Quanto ai soggetti legittimati, possono chiedere l'accertamento dell'insolvenza: l'imprenditore (o i legali rappresentanti delle Società), uno o più creditori o il pubblico ministero.

In relazione alla posizione del debitore, ci si è chiesti se costui sia tenuto ad assumere l'iniziativa nelle ipotesi in cui la legge gli impone di chiedere il proprio fallimento al fine di evitare l'aggravarsi del dissesto dell'impresa.

Il legislatore delegato sul punto nulla ha disposto, né avrebbe potuto farlo, non contenendo la legge delega alcuna direttiva, di talché, a parte i rilievi penalistici, qualsiasi disposizione volta ad introdurre un comando ed a sanzionare la violazione dello stesso sarebbe stata costituzionalmente illegittima per eccesso di delega.

La richiesta del debitore, quindi, costituisce esercizio del potere di azione, che ha natura di domanda giudiziale e il procedimento che segue è definito con una pronuncia destinata ad acquisire autorità di cosa giudicata sullo status e sui diritti del debitore e degli altri soggetti interessati [cfr. Cass. n. 924/1985, in Fall., 1985, 817 e ss., secondo cui «... il procedimento prefallimentare, che si apre con la richiesta di fallimento del debitore proposta a norma dell'art. 6 r.d. n. 267/1942 (art. 37 d.lgs. n. 14/2019), pur se soggetto al rito camerale, e presentante peculiari caratteristiche rispetto al processo contenzioso ordinario, ha intrinseca natura giurisdizionale, in quanto tende ad una pronuncia suscettibile di incidere, con autorità di giudicato, sullo «status» e sui diritti del fallito e delle persone che hanno con esso avuto rapporti. Pertanto, in pendenza di detto procedimento, e prima cioè che il Tribunale decida su detta istanza, deve ritenersi esperibile da parte del debitore, soggetto passivo del procedimento stesso, il regolamento preventivo di giurisdizione, ai sensi dell'art. 41 c.p.c., sempreché la relativa istanza sia rivolta a sollevare una questione di giurisdizione, e non anche, quindi, a porre in contestazione i requisiti necessari per l'apertura della procedura concorsuale (ivi compresa la sussistenza di una situazione debitoria), che attengono al fondamento nel merito della domanda...»].

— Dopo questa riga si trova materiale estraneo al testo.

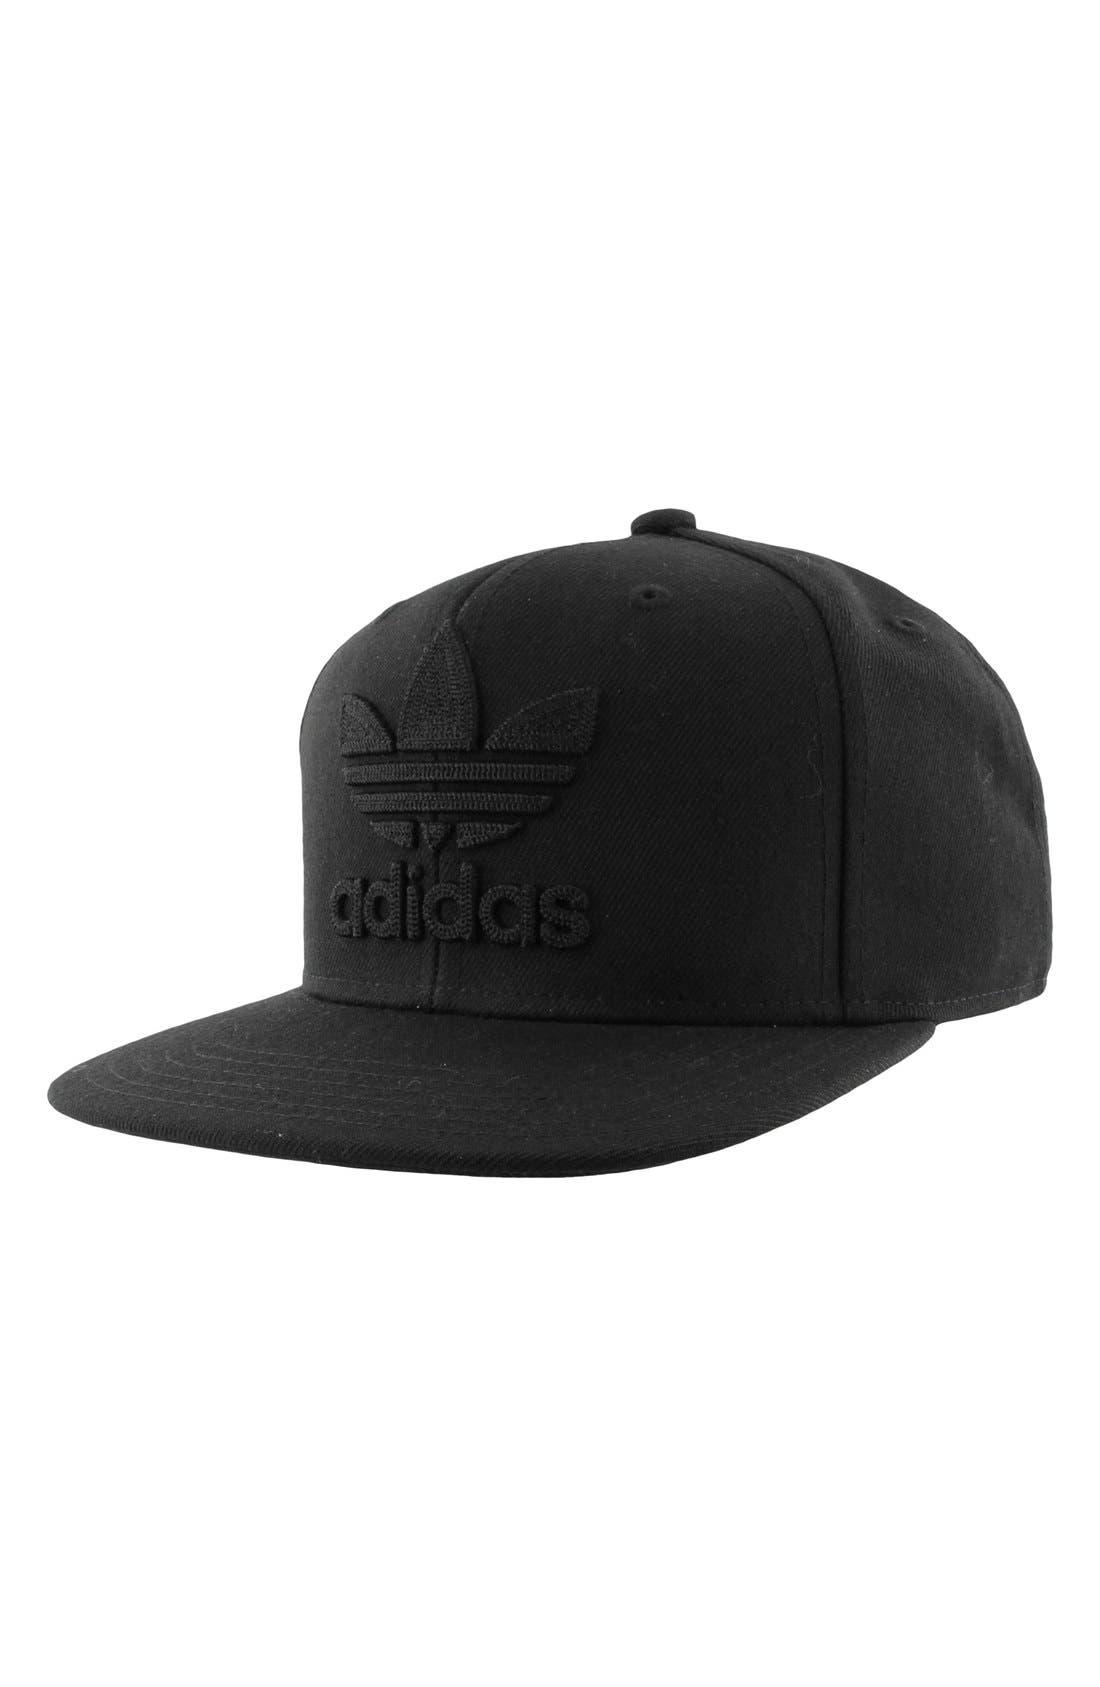 'Trefoil Chain' Snapback Cap,                         Main,                         color, Black/ Black

Inoltre, il Tribunale può accertare l'insolvenza anche d'ufficio, quando è stato adito per la dichiarazione di fallimento oppure se deve revocare il concordato preventivo e ritiene che sussistano i presupposti per l'accesso all'amministrazione straordinaria.

Sul punto va evidenziato che è stata dichiarata manifestamente infondata la questione di legittimità costituzionale dell'art. in commento per violazione degli artt. 3 e 111 Cost. (cfr. Trib. Udine 9 luglio 2009) evidenziandosi la specialità dell'amministrazione straordinaria e la prevalenza di interessi pubblicistici.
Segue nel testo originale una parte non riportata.